Description of the task — Please reproduce the data in its entirety, word for word.

Source material below:

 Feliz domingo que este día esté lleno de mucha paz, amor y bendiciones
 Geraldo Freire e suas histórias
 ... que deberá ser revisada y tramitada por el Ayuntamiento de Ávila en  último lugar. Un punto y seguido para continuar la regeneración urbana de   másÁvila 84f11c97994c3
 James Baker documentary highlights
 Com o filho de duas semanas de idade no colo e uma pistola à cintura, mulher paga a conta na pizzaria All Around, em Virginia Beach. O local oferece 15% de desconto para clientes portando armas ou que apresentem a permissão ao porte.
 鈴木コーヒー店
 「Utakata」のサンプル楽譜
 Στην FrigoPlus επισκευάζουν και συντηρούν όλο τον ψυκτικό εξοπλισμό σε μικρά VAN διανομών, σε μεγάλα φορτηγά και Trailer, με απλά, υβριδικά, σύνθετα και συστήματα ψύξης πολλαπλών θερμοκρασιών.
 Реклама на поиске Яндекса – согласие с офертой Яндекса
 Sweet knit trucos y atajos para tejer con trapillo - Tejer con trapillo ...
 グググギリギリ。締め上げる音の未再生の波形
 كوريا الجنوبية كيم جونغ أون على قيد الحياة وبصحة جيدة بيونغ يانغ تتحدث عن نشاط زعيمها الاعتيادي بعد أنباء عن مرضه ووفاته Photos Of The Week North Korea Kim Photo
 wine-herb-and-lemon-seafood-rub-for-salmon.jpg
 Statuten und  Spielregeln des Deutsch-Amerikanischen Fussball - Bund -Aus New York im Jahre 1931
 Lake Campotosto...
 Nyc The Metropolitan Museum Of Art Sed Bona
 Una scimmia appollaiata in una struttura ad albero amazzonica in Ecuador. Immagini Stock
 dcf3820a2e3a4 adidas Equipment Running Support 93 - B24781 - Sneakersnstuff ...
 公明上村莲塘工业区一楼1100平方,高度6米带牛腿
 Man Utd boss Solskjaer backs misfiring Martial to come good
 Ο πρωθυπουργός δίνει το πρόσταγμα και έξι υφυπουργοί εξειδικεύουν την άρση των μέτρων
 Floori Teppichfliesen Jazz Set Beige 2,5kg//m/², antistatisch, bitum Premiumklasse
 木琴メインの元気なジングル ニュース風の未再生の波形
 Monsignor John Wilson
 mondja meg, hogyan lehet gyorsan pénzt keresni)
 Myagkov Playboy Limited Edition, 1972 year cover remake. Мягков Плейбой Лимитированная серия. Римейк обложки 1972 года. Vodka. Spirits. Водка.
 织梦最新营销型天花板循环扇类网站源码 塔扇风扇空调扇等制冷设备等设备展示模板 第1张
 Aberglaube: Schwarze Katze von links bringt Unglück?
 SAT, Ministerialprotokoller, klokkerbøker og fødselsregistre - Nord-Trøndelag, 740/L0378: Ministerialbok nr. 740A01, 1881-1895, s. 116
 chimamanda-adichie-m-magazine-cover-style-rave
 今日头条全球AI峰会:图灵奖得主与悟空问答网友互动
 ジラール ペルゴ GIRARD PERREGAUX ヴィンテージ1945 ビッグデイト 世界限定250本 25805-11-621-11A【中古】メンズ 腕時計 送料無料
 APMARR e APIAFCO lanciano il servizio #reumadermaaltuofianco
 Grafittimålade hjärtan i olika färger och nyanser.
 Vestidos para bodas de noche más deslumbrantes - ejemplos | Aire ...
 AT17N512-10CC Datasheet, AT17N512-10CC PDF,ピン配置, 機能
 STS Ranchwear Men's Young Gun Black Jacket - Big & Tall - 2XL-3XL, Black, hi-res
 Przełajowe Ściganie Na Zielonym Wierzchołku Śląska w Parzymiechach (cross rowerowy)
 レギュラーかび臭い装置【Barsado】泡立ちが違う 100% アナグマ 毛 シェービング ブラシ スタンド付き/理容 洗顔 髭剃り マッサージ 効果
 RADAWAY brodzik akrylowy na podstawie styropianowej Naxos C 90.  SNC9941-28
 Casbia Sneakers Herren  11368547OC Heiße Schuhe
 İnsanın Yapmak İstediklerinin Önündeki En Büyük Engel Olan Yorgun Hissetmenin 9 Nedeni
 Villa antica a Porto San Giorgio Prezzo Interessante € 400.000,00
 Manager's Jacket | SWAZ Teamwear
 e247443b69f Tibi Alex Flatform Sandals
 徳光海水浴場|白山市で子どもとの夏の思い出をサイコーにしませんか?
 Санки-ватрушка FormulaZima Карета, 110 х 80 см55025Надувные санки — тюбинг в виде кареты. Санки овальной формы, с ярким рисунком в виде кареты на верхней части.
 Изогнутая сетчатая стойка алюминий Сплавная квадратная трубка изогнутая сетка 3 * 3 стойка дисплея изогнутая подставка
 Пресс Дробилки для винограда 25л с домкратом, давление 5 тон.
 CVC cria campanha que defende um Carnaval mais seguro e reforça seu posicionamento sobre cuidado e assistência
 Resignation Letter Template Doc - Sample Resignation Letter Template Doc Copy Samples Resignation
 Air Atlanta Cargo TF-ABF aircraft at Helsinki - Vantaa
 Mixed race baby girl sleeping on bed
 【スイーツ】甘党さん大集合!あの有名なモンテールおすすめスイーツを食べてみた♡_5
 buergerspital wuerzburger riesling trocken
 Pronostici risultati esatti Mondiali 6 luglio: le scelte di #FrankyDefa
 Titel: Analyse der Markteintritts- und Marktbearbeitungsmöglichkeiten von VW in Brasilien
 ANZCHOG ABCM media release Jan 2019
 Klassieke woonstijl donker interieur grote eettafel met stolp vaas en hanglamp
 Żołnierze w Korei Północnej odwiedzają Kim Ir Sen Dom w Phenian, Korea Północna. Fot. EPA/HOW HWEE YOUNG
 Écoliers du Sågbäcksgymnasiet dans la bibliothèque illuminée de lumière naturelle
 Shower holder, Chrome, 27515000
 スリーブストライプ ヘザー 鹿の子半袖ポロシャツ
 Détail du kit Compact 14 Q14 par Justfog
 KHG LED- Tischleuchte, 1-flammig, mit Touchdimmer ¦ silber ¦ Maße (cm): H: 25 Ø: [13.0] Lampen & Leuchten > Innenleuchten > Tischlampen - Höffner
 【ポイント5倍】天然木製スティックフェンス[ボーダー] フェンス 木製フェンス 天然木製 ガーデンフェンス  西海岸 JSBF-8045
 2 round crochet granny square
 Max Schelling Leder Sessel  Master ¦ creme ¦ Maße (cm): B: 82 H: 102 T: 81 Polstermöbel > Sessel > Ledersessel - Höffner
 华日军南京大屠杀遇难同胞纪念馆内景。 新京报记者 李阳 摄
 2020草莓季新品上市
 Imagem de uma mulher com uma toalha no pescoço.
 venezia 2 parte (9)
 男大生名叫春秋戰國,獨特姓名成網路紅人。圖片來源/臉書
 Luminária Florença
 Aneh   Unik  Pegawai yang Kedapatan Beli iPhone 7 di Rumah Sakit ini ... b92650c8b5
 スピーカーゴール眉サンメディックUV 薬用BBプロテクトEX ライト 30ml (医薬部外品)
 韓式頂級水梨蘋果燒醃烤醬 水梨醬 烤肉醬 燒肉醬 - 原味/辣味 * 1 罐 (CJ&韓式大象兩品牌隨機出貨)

End of Source material.

Written response —
 Feliz domingo que este día esté lleno de mucha paz, amor y bendiciones
 Geraldo Freire e suas histórias
 ... que deberá ser revisada y tramitada por el Ayuntamiento de Ávila en  último lugar. Un punto y seguido para continuar la regeneración urbana de   másÁvila 84f11c97994c3
 James Baker documentary highlights
 Com o filho de duas semanas de idade no colo e uma pistola à cintura, mulher paga a conta na pizzaria All Around, em Virginia Beach. O local oferece 15% de desconto para clientes portando armas ou que apresentem a permissão ao porte.
 鈴木コーヒー店
 「Utakata」のサンプル楽譜
 Στην FrigoPlus επισκευάζουν και συντηρούν όλο τον ψυκτικό εξοπλισμό σε μικρά VAN διανομών, σε μεγάλα φορτηγά και Trailer, με απλά, υβριδικά, σύνθετα και συστήματα ψύξης πολλαπλών θερμοκρασιών.
 Реклама на поиске Яндекса – согласие с офертой Яндекса
 Sweet knit trucos y atajos para tejer con trapillo - Tejer con trapillo ...
 グググギリギリ。締め上げる音の未再生の波形
 كوريا الجنوبية كيم جونغ أون على قيد الحياة وبصحة جيدة بيونغ يانغ تتحدث عن نشاط زعيمها الاعتيادي بعد أنباء عن مرضه ووفاته Photos Of The Week North Korea Kim Photo
 wine-herb-and-lemon-seafood-rub-for-salmon.jpg
 Statuten und  Spielregeln des Deutsch-Amerikanischen Fussball - Bund -Aus New York im Jahre 1931
 Lake Campotosto...
 Nyc The Metropolitan Museum Of Art Sed Bona
 Una scimmia appollaiata in una struttura ad albero amazzonica in Ecuador. Immagini Stock
 dcf3820a2e3a4 adidas Equipment Running Support 93 - B24781 - Sneakersnstuff ...
 公明上村莲塘工业区一楼1100平方,高度6米带牛腿
 Man Utd boss Solskjaer backs misfiring Martial to come good
 Ο πρωθυπουργός δίνει το πρόσταγμα και έξι υφυπουργοί εξειδικεύουν την άρση των μέτρων
 Floori Teppichfliesen Jazz Set Beige 2,5kg//m/², antistatisch, bitum Premiumklasse
 木琴メインの元気なジングル ニュース風の未再生の波形
 Monsignor John Wilson
 mondja meg, hogyan lehet gyorsan pénzt keresni)
 Myagkov Playboy Limited Edition, 1972 year cover remake. Мягков Плейбой Лимитированная серия. Римейк обложки 1972 года. Vodka. Spirits. Водка.
 织梦最新营销型天花板循环扇类网站源码 塔扇风扇空调扇等制冷设备等设备展示模板 第1张
 Aberglaube: Schwarze Katze von links bringt Unglück?
 SAT, Ministerialprotokoller, klokkerbøker og fødselsregistre - Nord-Trøndelag, 740/L0378: Ministerialbok nr. 740A01, 1881-1895, s. 116
 chimamanda-adichie-m-magazine-cover-style-rave
 今日头条全球AI峰会:图灵奖得主与悟空问答网友互动
 ジラール ペルゴ GIRARD PERREGAUX ヴィンテージ1945 ビッグデイト 世界限定250本 25805-11-621-11A【中古】メンズ 腕時計 送料無料
 APMARR e APIAFCO lanciano il servizio #reumadermaaltuofianco
 Grafittimålade hjärtan i olika färger och nyanser.
 Vestidos para bodas de noche más deslumbrantes - ejemplos | Aire ...
 AT17N512-10CC Datasheet, AT17N512-10CC PDF,ピン配置, 機能
 STS Ranchwear Men's Young Gun Black Jacket - Big & Tall - 2XL-3XL, Black, hi-res
 Przełajowe Ściganie Na Zielonym Wierzchołku Śląska w Parzymiechach (cross rowerowy)
 レギュラーかび臭い装置【Barsado】泡立ちが違う 100% アナグマ 毛 シェービング ブラシ スタンド付き/理容 洗顔 髭剃り マッサージ 効果
 RADAWAY brodzik akrylowy na podstawie styropianowej Naxos C 90.  SNC9941-28
 Casbia Sneakers Herren  11368547OC Heiße Schuhe
 İnsanın Yapmak İstediklerinin Önündeki En Büyük Engel Olan Yorgun Hissetmenin 9 Nedeni
 Villa antica a Porto San Giorgio Prezzo Interessante € 400.000,00
 Manager's Jacket | SWAZ Teamwear
 e247443b69f Tibi Alex Flatform Sandals
 徳光海水浴場|白山市で子どもとの夏の思い出をサイコーにしませんか?
 Санки-ватрушка FormulaZima Карета, 110 х 80 см55025Надувные санки — тюбинг в виде кареты. Санки овальной формы, с ярким рисунком в виде кареты на верхней части.
 Изогнутая сетчатая стойка алюминий Сплавная квадратная трубка изогнутая сетка 3 * 3 стойка дисплея изогнутая подставка
 Пресс Дробилки для винограда 25л с домкратом, давление 5 тон.
 CVC cria campanha que defende um Carnaval mais seguro e reforça seu posicionamento sobre cuidado e assistência
 Resignation Letter Template Doc - Sample Resignation Letter Template Doc Copy Samples Resignation
 Air Atlanta Cargo TF-ABF aircraft at Helsinki - Vantaa
 Mixed race baby girl sleeping on bed
 【スイーツ】甘党さん大集合!あの有名なモンテールおすすめスイーツを食べてみた♡_5
 buergerspital wuerzburger riesling trocken
 Pronostici risultati esatti Mondiali 6 luglio: le scelte di #FrankyDefa
 Titel: Analyse der Markteintritts- und Marktbearbeitungsmöglichkeiten von VW in Brasilien
 ANZCHOG ABCM media release Jan 2019
 Klassieke woonstijl donker interieur grote eettafel met stolp vaas en hanglamp
 Żołnierze w Korei Północnej odwiedzają Kim Ir Sen Dom w Phenian, Korea Północna. Fot. EPA/HOW HWEE YOUNG
 Écoliers du Sågbäcksgymnasiet dans la bibliothèque illuminée de lumière naturelle
 Shower holder, Chrome, 27515000
 スリーブストライプ ヘザー 鹿の子半袖ポロシャツ
 Détail du kit Compact 14 Q14 par Justfog
 KHG LED- Tischleuchte, 1-flammig, mit Touchdimmer ¦ silber ¦ Maße (cm): H: 25 Ø: [13.0] Lampen & Leuchten > Innenleuchten > Tischlampen - Höffner
 【ポイント5倍】天然木製スティックフェンス[ボーダー] フェンス 木製フェンス 天然木製 ガーデンフェンス  西海岸 JSBF-8045
 2 round crochet granny square
 Max Schelling Leder Sessel  Master ¦ creme ¦ Maße (cm): B: 82 H: 102 T: 81 Polstermöbel > Sessel > Ledersessel - Höffner
 华日军南京大屠杀遇难同胞纪念馆内景。 新京报记者 李阳 摄
 2020草莓季新品上市
 Imagem de uma mulher com uma toalha no pescoço.
 venezia 2 parte (9)
 男大生名叫春秋戰國,獨特姓名成網路紅人。圖片來源/臉書
 Luminária Florença
 Aneh   Unik  Pegawai yang Kedapatan Beli iPhone 7 di Rumah Sakit ini ... b92650c8b5
 スピーカーゴール眉サンメディックUV 薬用BBプロテクトEX ライト 30ml (医薬部外品)
 韓式頂級水梨蘋果燒醃烤醬 水梨醬 烤肉醬 燒肉醬 - 原味/辣味 * 1 罐 (CJ&韓式大象兩品牌隨機出貨)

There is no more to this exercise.